We got support from support groups, the Open Door Society and NACAC, North American Council on Adoptable Children, and on the web. The Wabano Centre for Aboriginal Health helps with our grandson now. Health Canada's non-insured health benefits for first nations and Inuit health also helps, with the added benefit of making our kids feel they belong to first nations.
I have worked for the Adoption Council of Canada since 1991, when it began, as staff, as board member, and volunteer researcher. I currently provide a current awareness service on the ACC's listserv, but I work more actively in FASD, sending e-mails on international listservs, running a support group at CHEO, and serving on committees.
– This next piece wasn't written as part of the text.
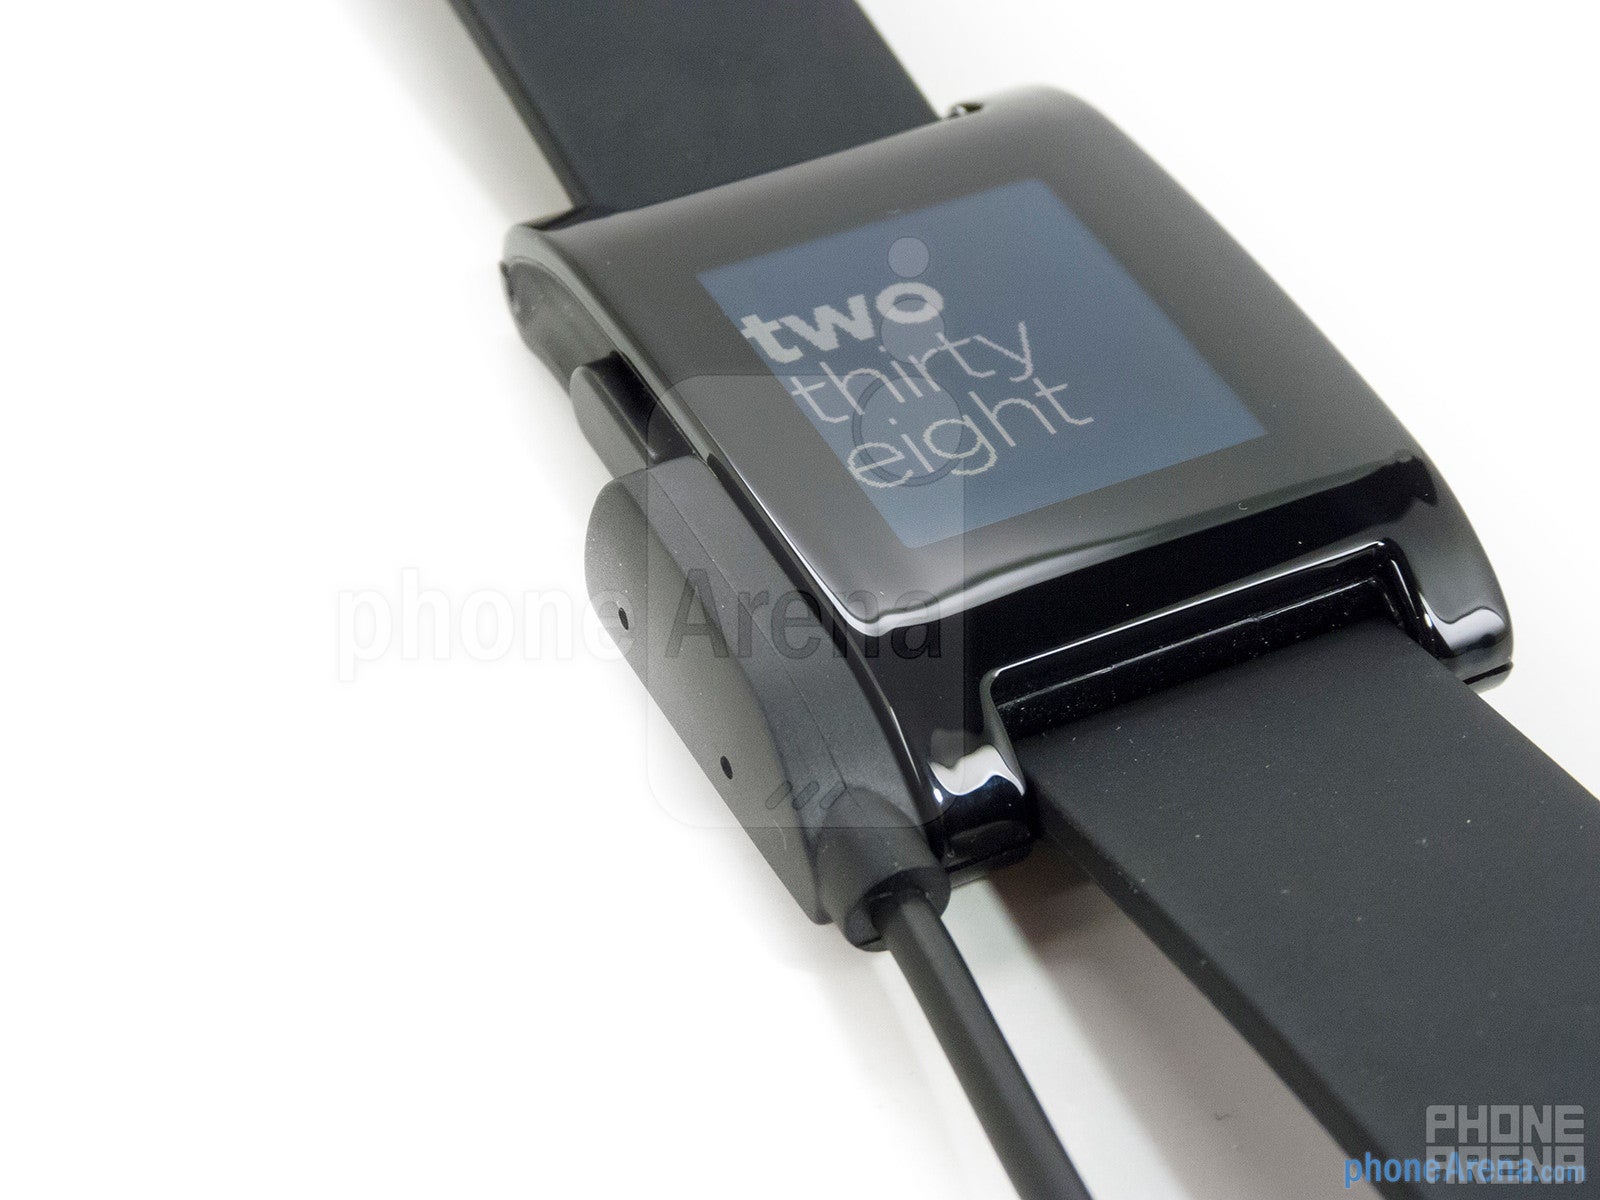 Pebble Smart Watch Review

What's wrong in Canadian adoption? If there were recruitment, training, and support, 30,000 children in the child welfare system could potentially be available for adoption. They move in and out of foster care, group homes, change workers, and age out of the system to apartments on their own.
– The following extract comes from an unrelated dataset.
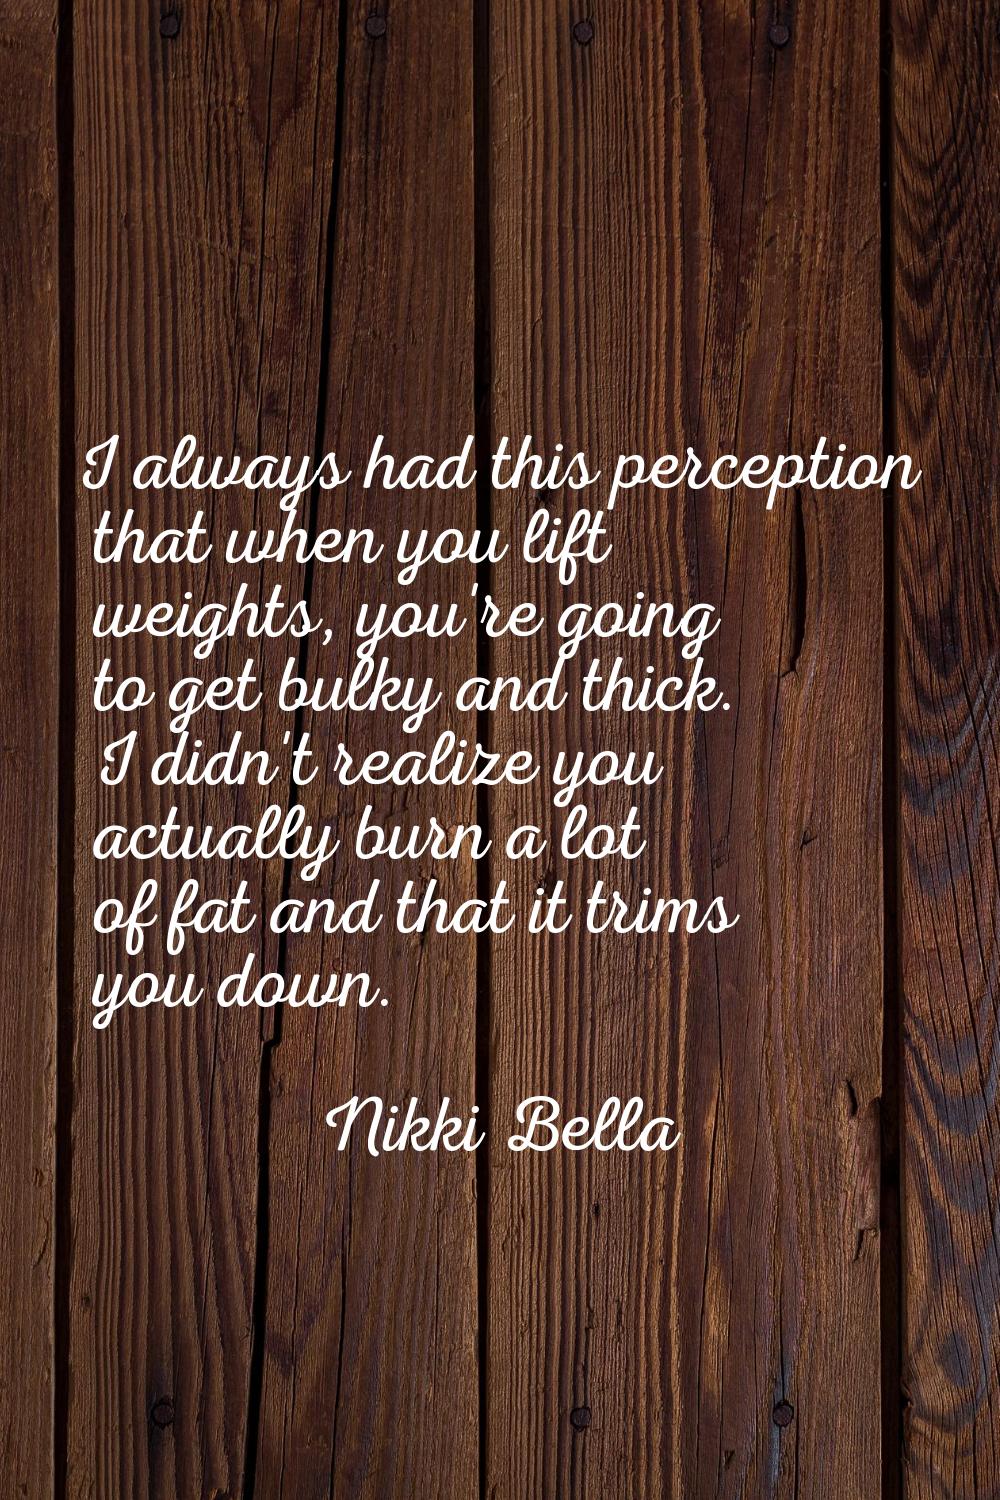 I always had this perception that when you lift weights, you're going to get bulky and thick. I did

We need a paradigm shift to believe that adoption works, and a vision to make it happen, but the provinces aren't acting. Ontario hasn't moved to do anything about the implementation of recommendations from a panel last August, and it's strange that child welfare associations don't really talk adoption. An adoption conference last year brought experts from Australia and Ireland to talk permanency, but never mentioned the word “adoption” at all.
Yes, people will adopt older kids and stick with it, just as people come home from eastern Europe with children very much like those here. It's easier to adopt internationally than domestically. Some jurisdictions don't do adoption at all. Adoptive families need information and education, support and understanding, services and referrals, and many need financial help. Both domestic and international adoptive families are struggling with mental health problems. It's hard. It's estimated that 70% of Canadian children affected by FASD are not living with their birth family, but with foster, adoptive, and kin parents. Adoptive families could make a huge difference in raising children with disabilities such as FASD.
I've provided a list, a bibliography that gives you information on that, a professor doing research.